Dal primo gennaio 2026, il panorama dell’identità digitale in Italia è cambiato drasticamente. Se sei tra i milioni di italiani che utilizzano lo SPID di Poste Italiane, probabilmente ti sarai accorto che la pacchia della gratuità assoluta è finita. Ma c’è un modo per evitare questo esborso? E soprattutto, quali sono i rischi reali se decidi di non mettere mano al portafoglio?
In questo articolo sveliamo i “trucchi” legali per continuare ad accedere ai servizi della Pubblica Amministrazione senza spendere un centesimo e chiariamo una volta per tutte cosa succede al tuo account se non rinnovi l’abbonamento.
SPID con Poste a pagamento: come evitarlo
Diciamolo subito: non esiste un tasto “nascondi” per il canone di Poste Italiane se vuoi mantenere attivo quel servizio specifico. Tuttavia, non pagare è possibile, ed è anche molto semplice. Ecco le tue alternative:
- Il passaggio alla CIE (Carta d’Identità Elettronica): È la soluzione definitiva. La CIE è lo strumento su cui lo Stato sta puntando tutto con il progetto IT Wallet. Perché conviene: Non ha canoni annuali. Una volta pagata la quota di emissione al Comune (circa 22€ ogni 10 anni), l’accesso ai servizi online è totalmente gratuito. Come si usa: ti basta scaricare l’app CieID e appoggiare la carta sul retro dello smartphone (se dotato di NFC).

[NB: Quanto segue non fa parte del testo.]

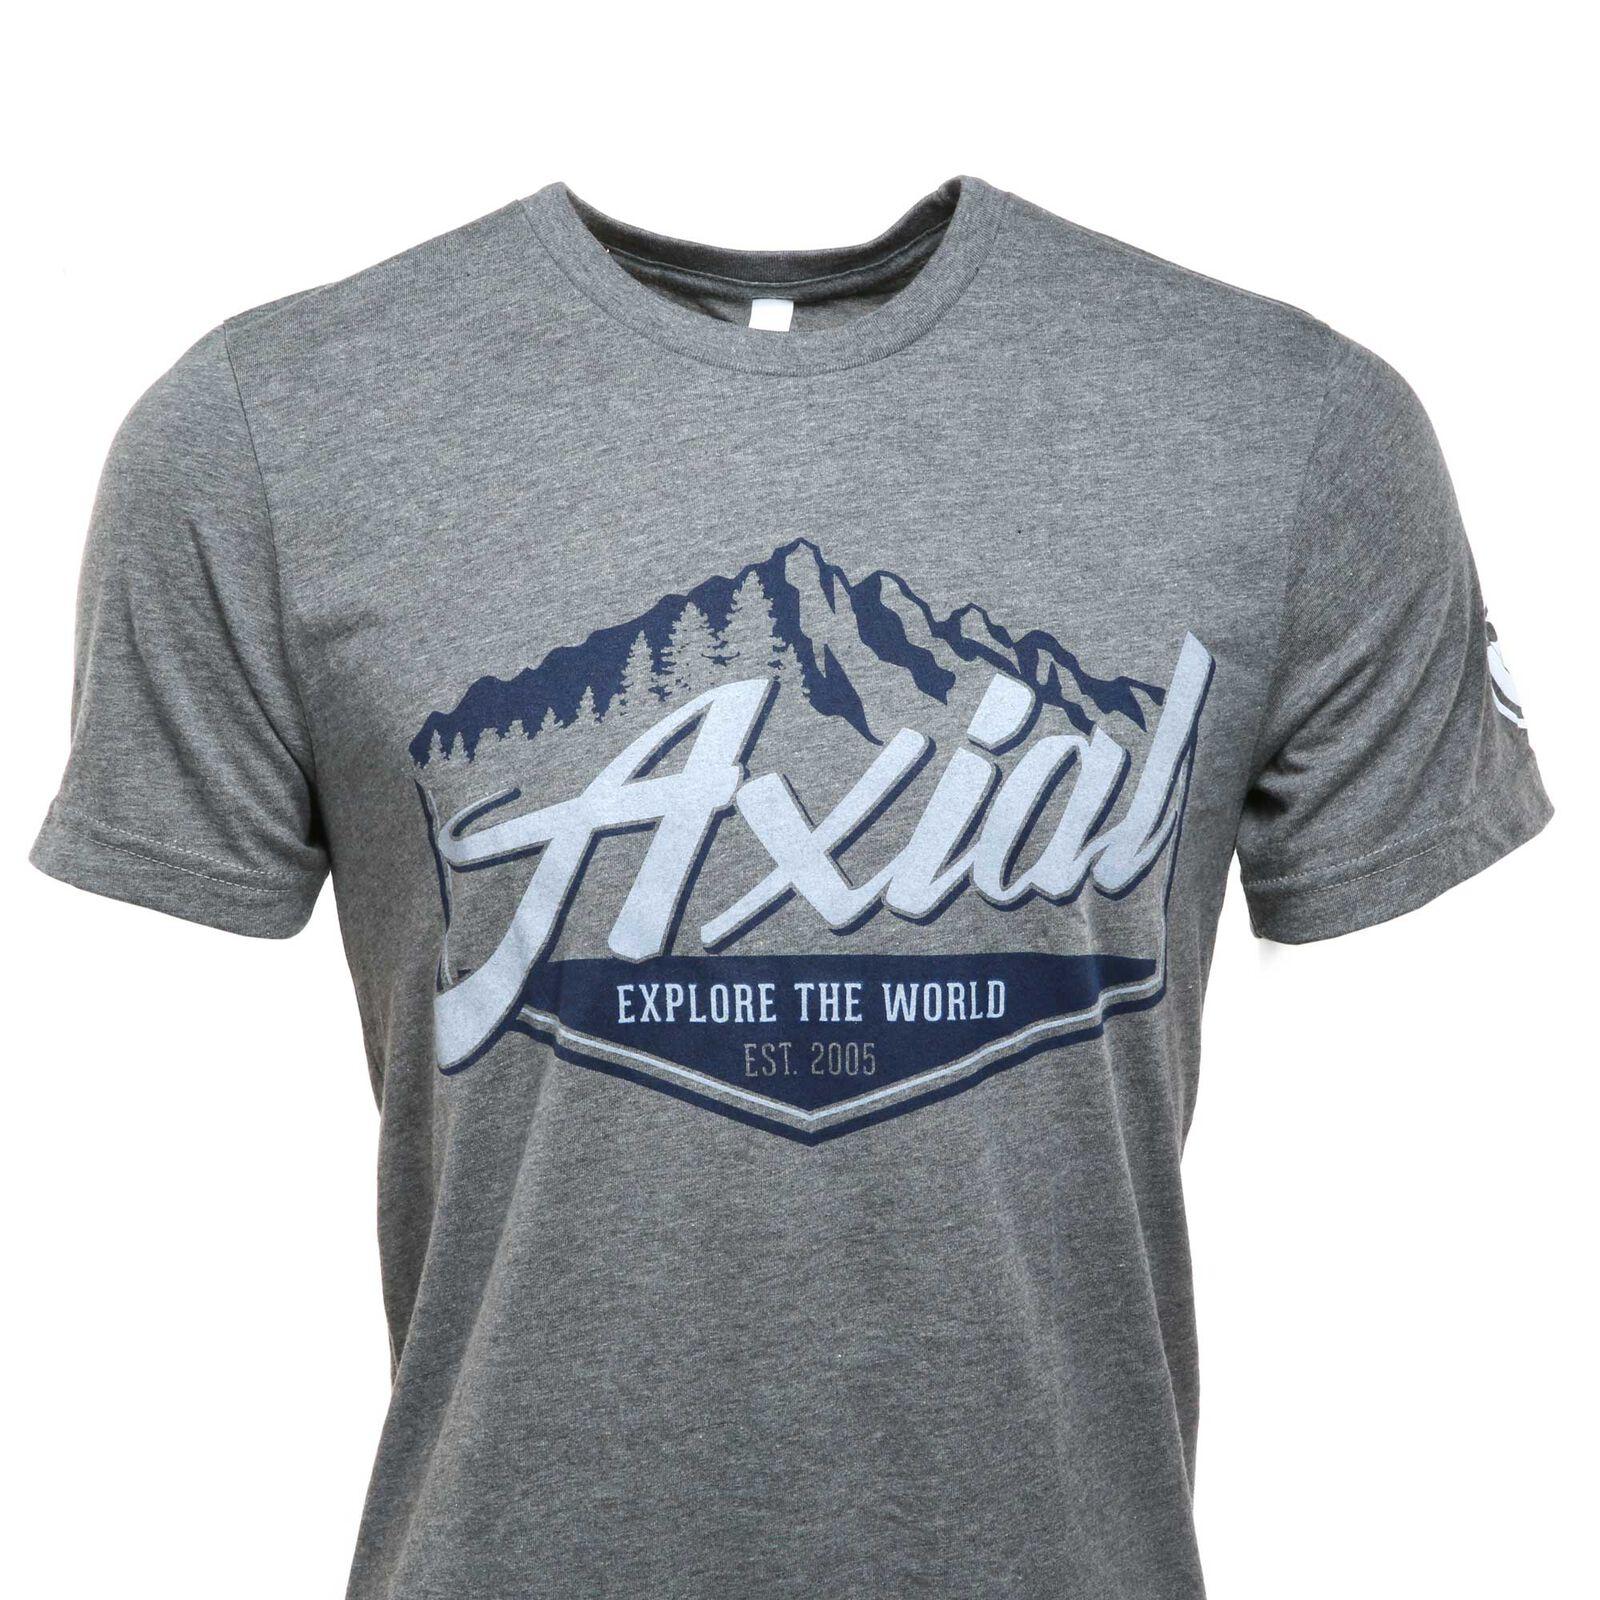 """Explore the World"" Shirt, Large"

- Provider gratuiti: sebbene la tendenza del 2026 veda quasi tutti i gestori privati orientati verso un modello a pagamento, esistono ancora alcuni provider che offrono versioni base dello SPID a costo zero per i cittadini.
Cosa succede se decidi di NON pagare?
Molti utenti si chiedono: “Se ignoro la richiesta di pagamento di Poste, vado incontro a sanzioni?”. La risposta è no, ma ci sono conseguenze tecniche importanti da conoscere per non trovarsi la porta chiusa in faccia proprio quando devi scaricare un referto medico o controllare la tua pensione.

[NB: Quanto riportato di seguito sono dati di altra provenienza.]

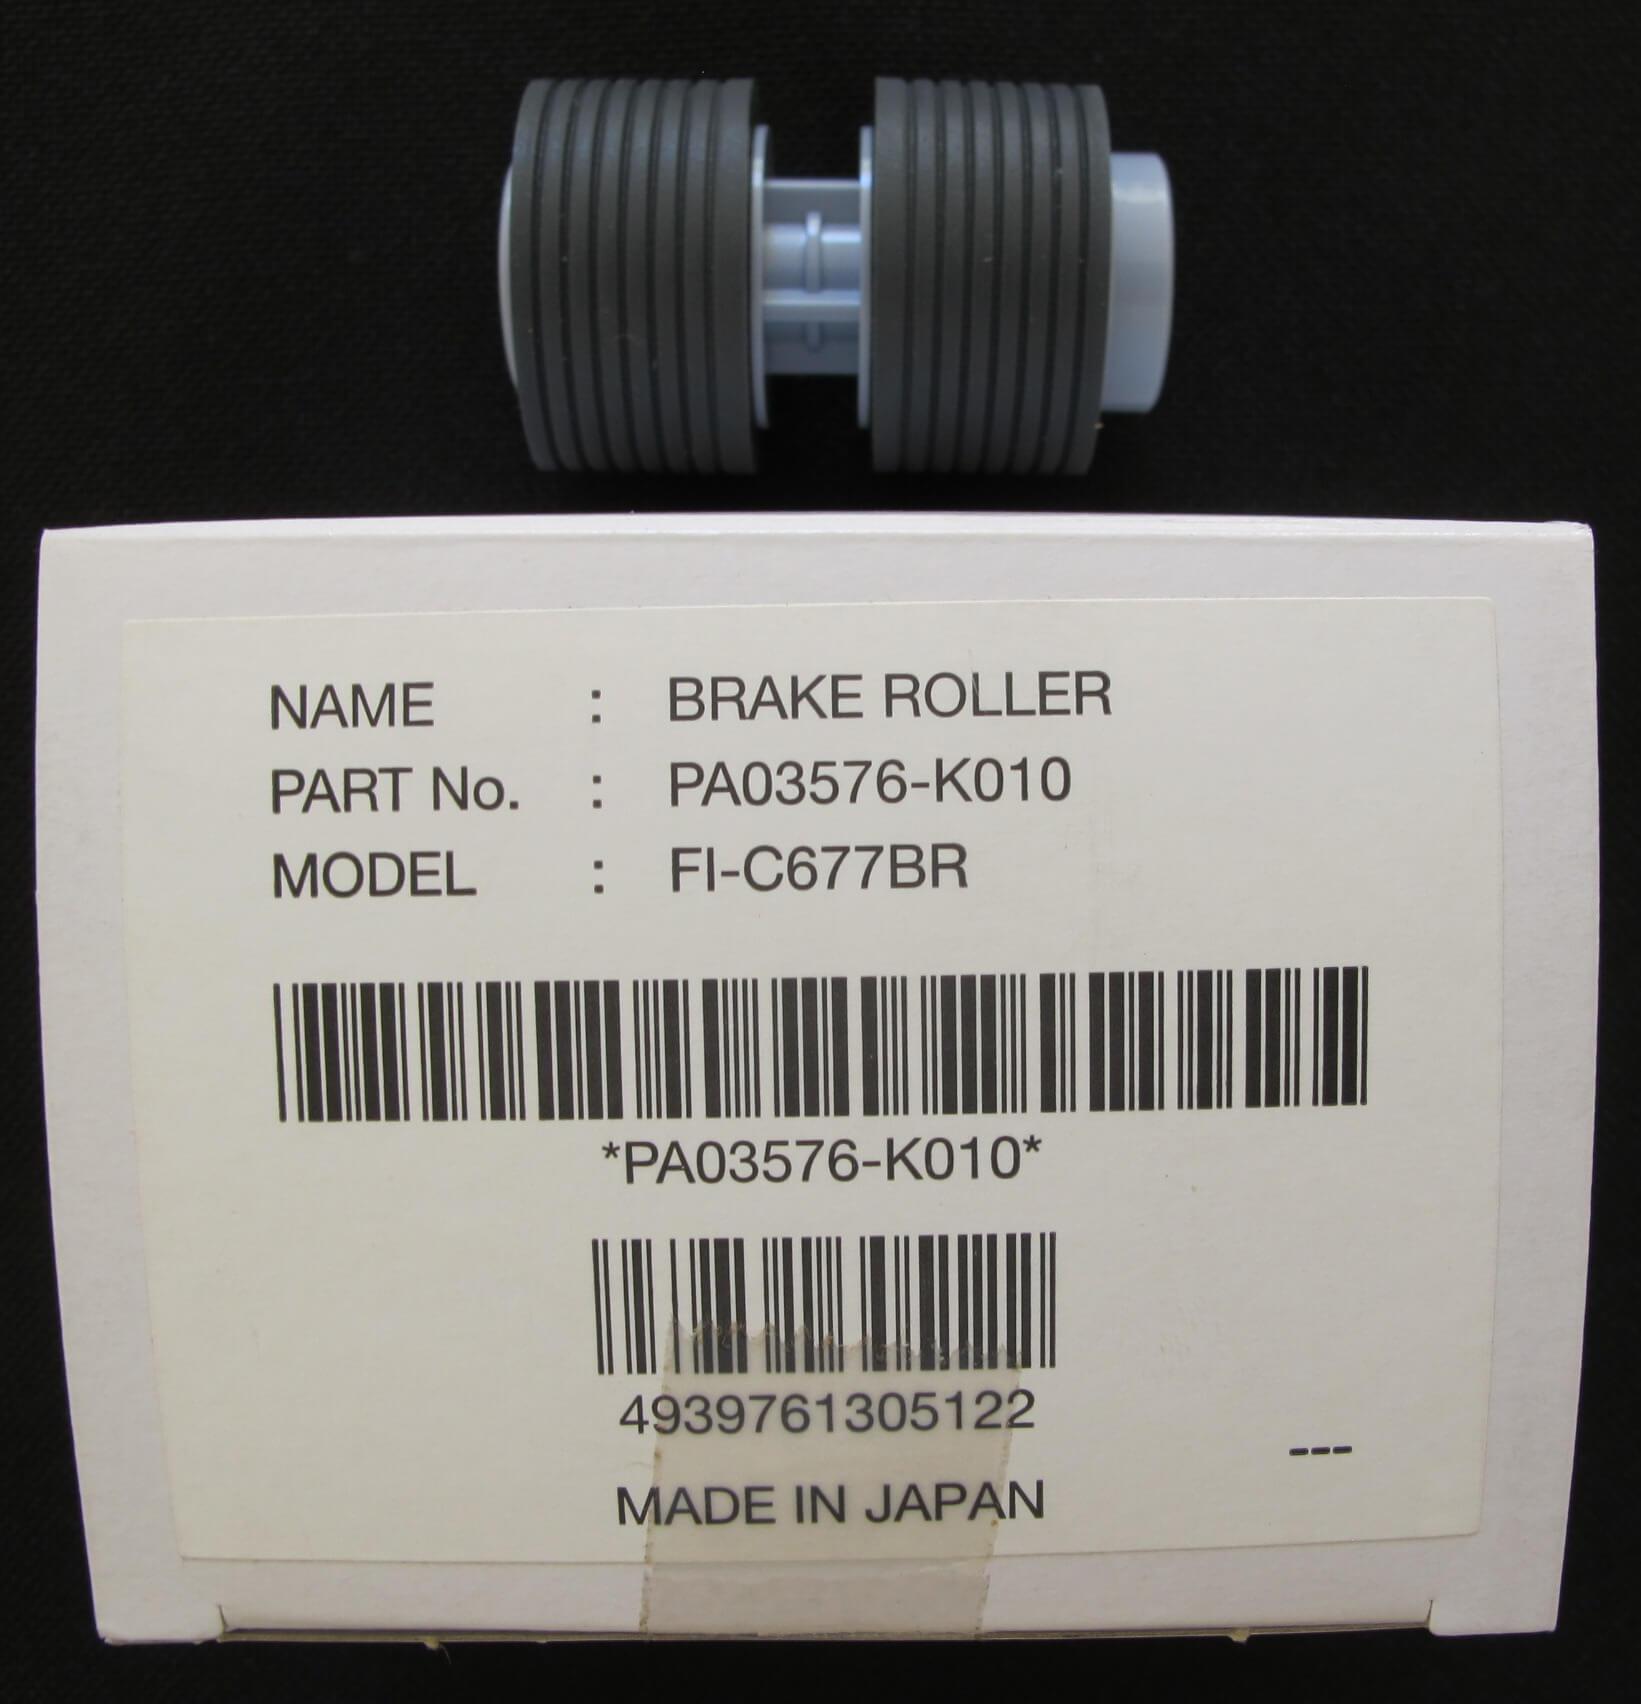 kit manutenção scanner Fujitsu fi-6670 e fi6770 brake roller PN: PA03576-K010 com caixa

Lo SPID diventa inutilizzabile
Se non saldi il canone annuale di 6€, Poste Italiane disabiliterà le tue credenziali. Questo significa che quando proverai a fare il login su siti come INPS, Agenzia delle Entrate o nel tuo Fascicolo Sanitario, riceverai un messaggio di errore. Non potrai più generare il codice OTP o autorizzare gli accessi tramite App PosteID.

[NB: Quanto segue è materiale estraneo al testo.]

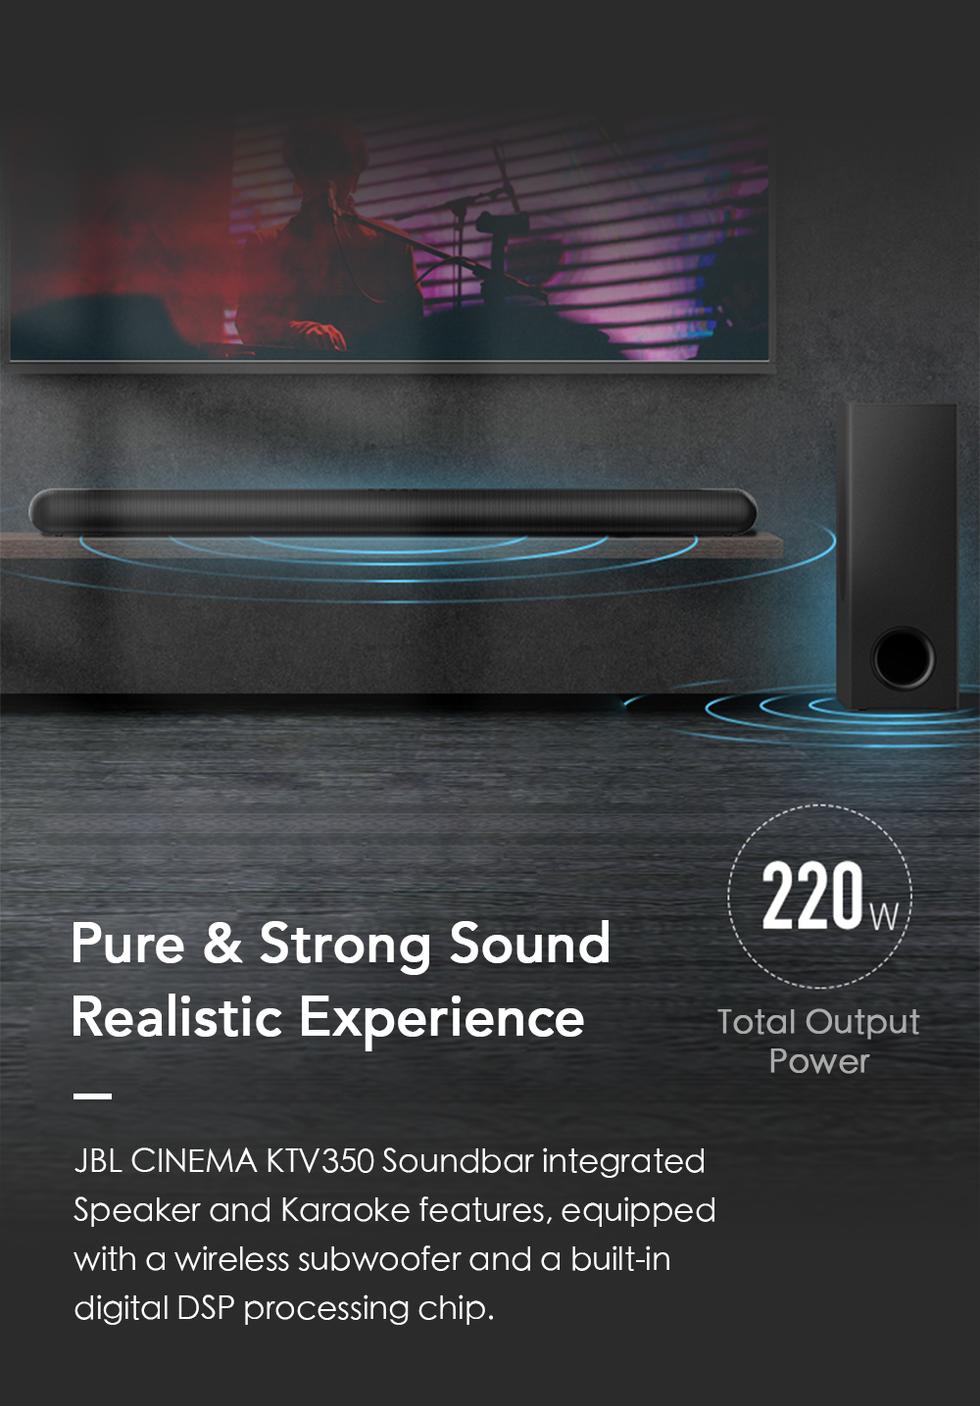 JBL-CINEMA-KTV350-Catalogue-(ENG)4.png

Se il tuo SPID viene disattivato per mancato pagamento, non svanisce nel nulla immediatamente. Hai tempo fino a 2 anni dall’ultima volta che hai effettuato l’accesso al portale di Poste per regolarizzare la tua posizione e rinnovare l’identità. Se superi questa finestra temporale senza mai aver effettuato il login o senza aver rinnovato il servizio, la tua identità digitale verrà revocata definitivamente. In quel caso, dovrai ripetere da zero tutta la procedura di identificazione (che spesso è a pagamento se fatta di persona).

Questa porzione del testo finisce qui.